* Problem statement
Starting with the line that holds "Нож по ободку керамической" and stopping after the line that holds "С-400 раздора. Штаты", repeat the lines below word for word, without the pictures.

* The records
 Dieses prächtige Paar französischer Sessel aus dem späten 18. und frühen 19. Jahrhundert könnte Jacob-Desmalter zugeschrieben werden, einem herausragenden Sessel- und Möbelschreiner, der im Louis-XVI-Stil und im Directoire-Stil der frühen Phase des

---

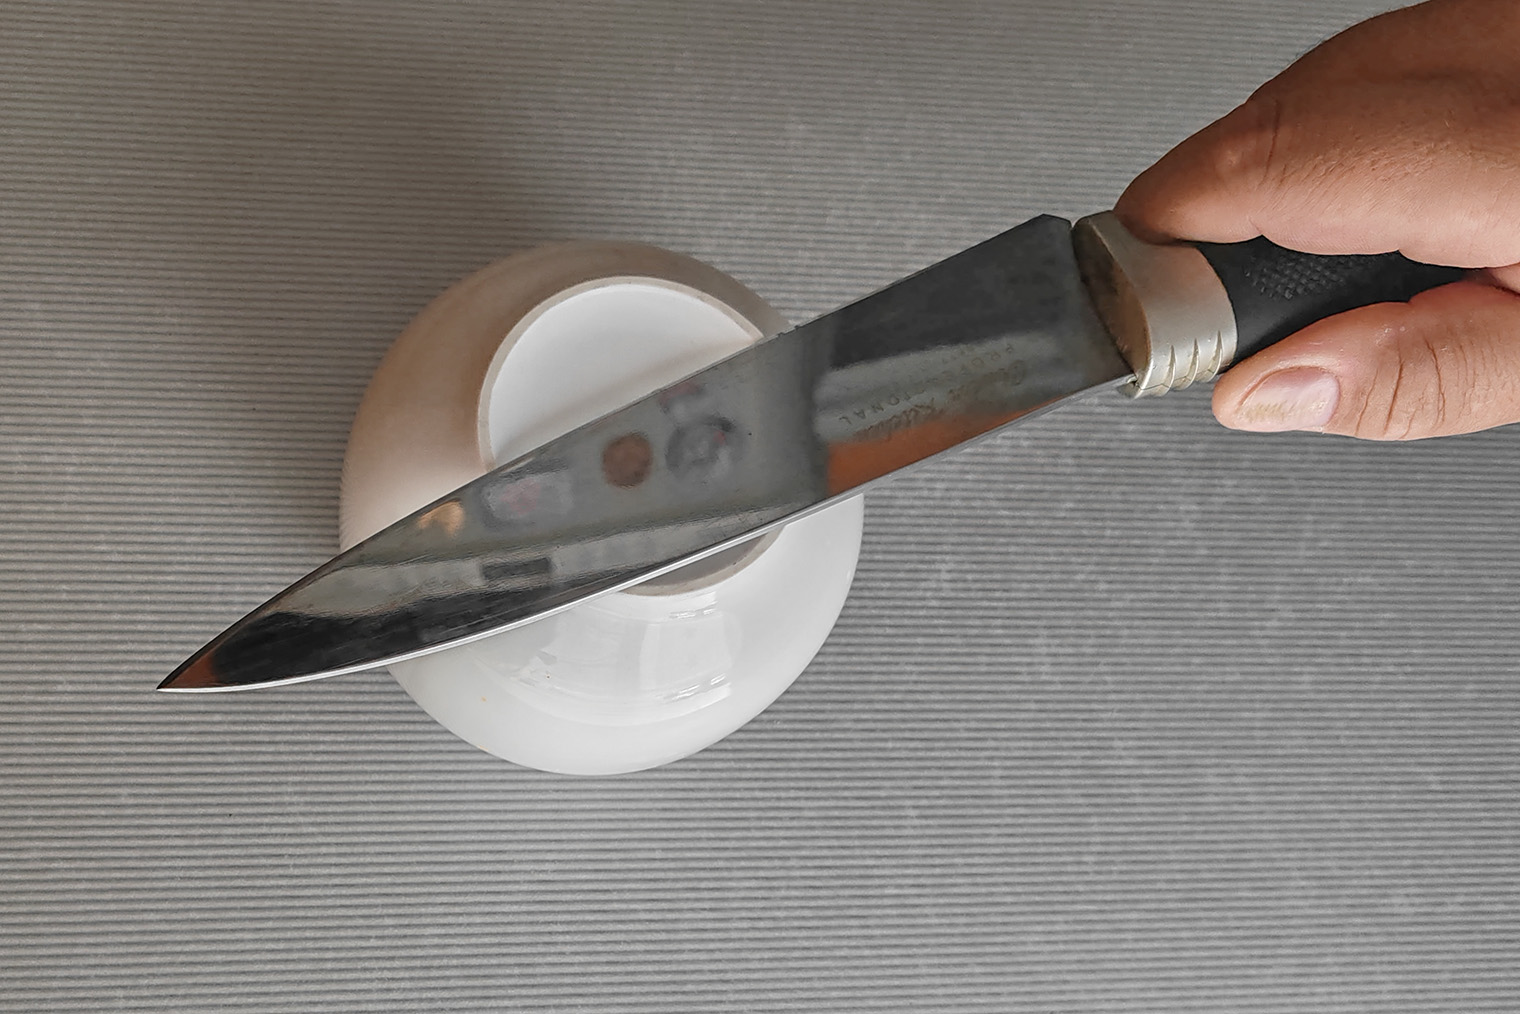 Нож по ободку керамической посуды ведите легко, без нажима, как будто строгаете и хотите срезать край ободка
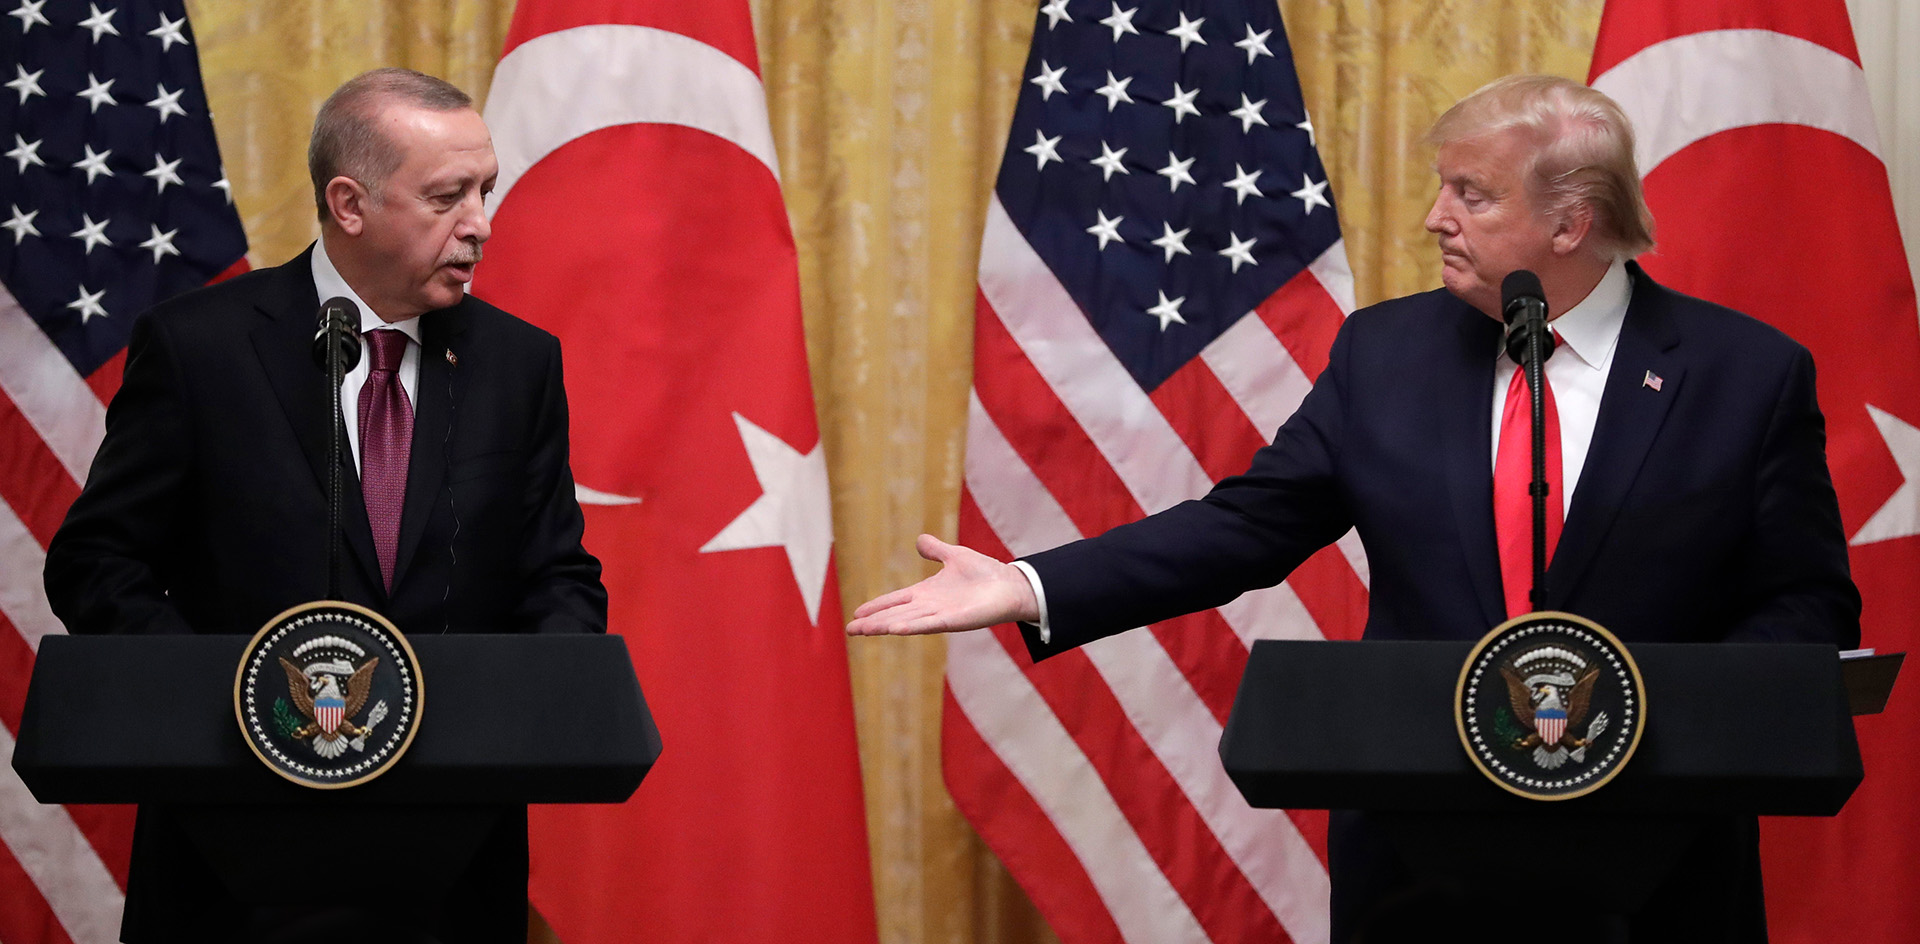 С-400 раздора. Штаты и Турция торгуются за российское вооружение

--

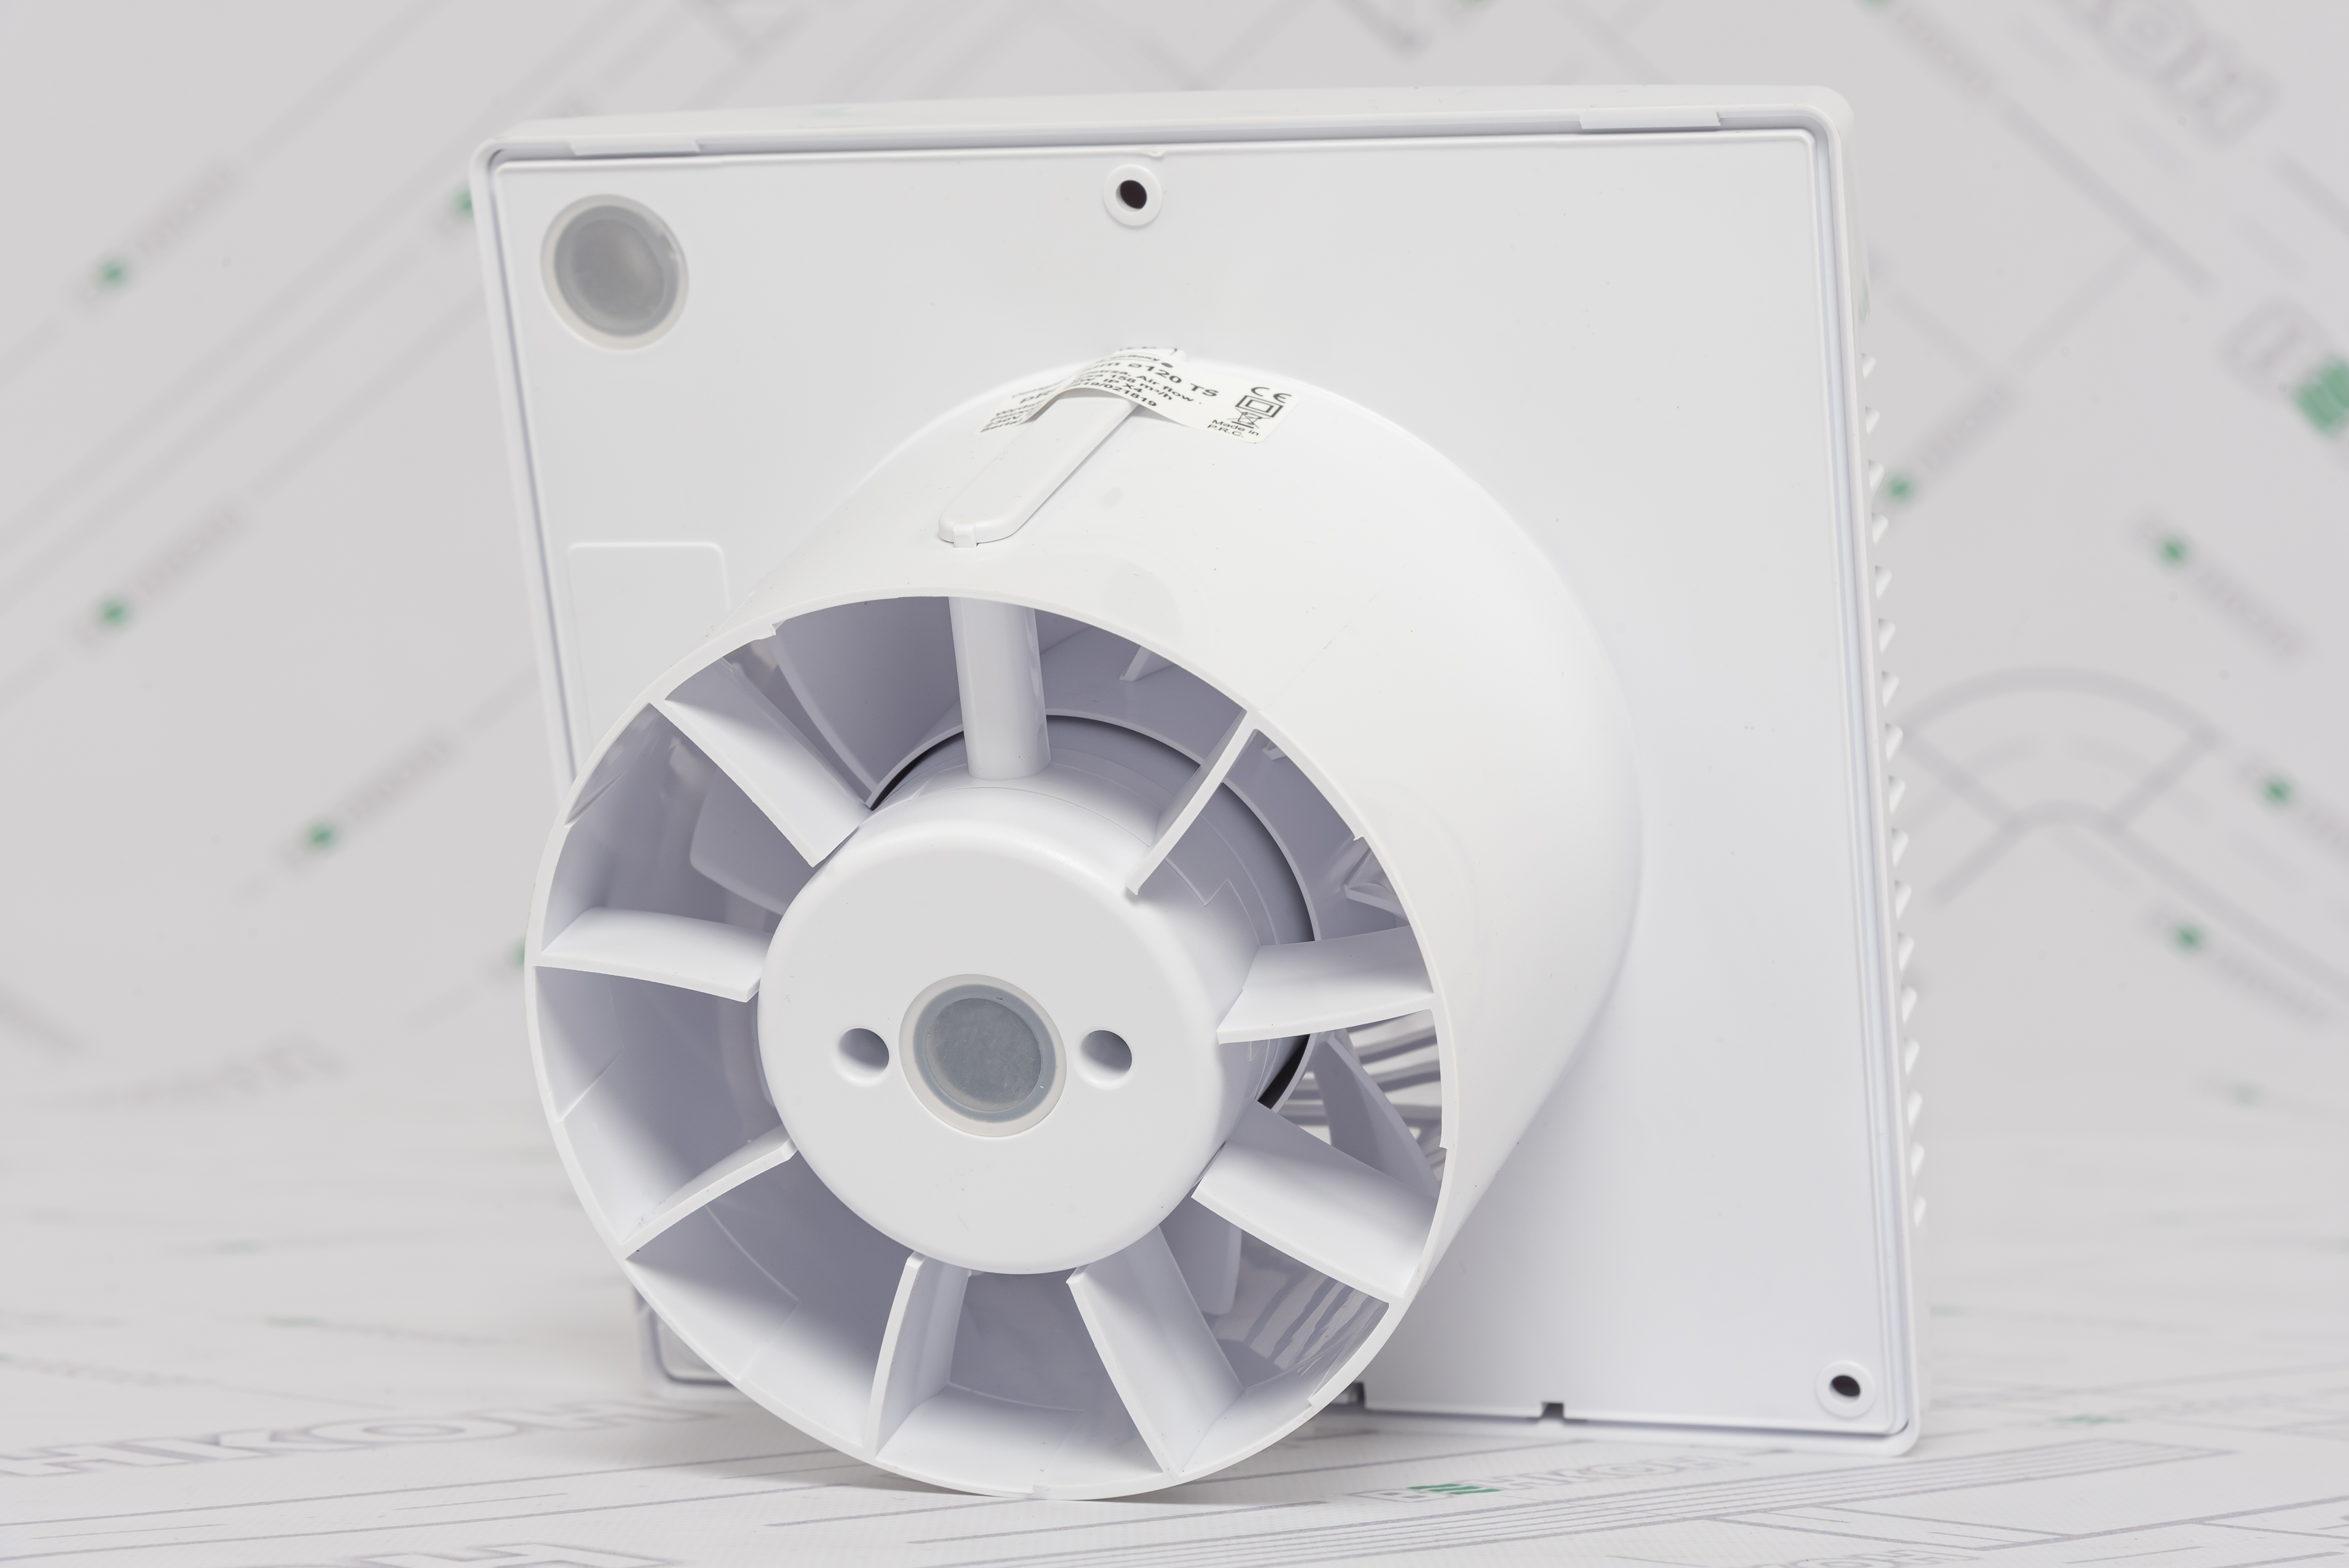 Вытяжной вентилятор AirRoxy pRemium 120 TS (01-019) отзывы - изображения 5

* Solution to the problem
 Нож по ободку керамической посуды ведите легко, без нажима, как будто строгаете и хотите срезать край ободка
 С-400 раздора. Штаты и Турция торгуются за российское вооружение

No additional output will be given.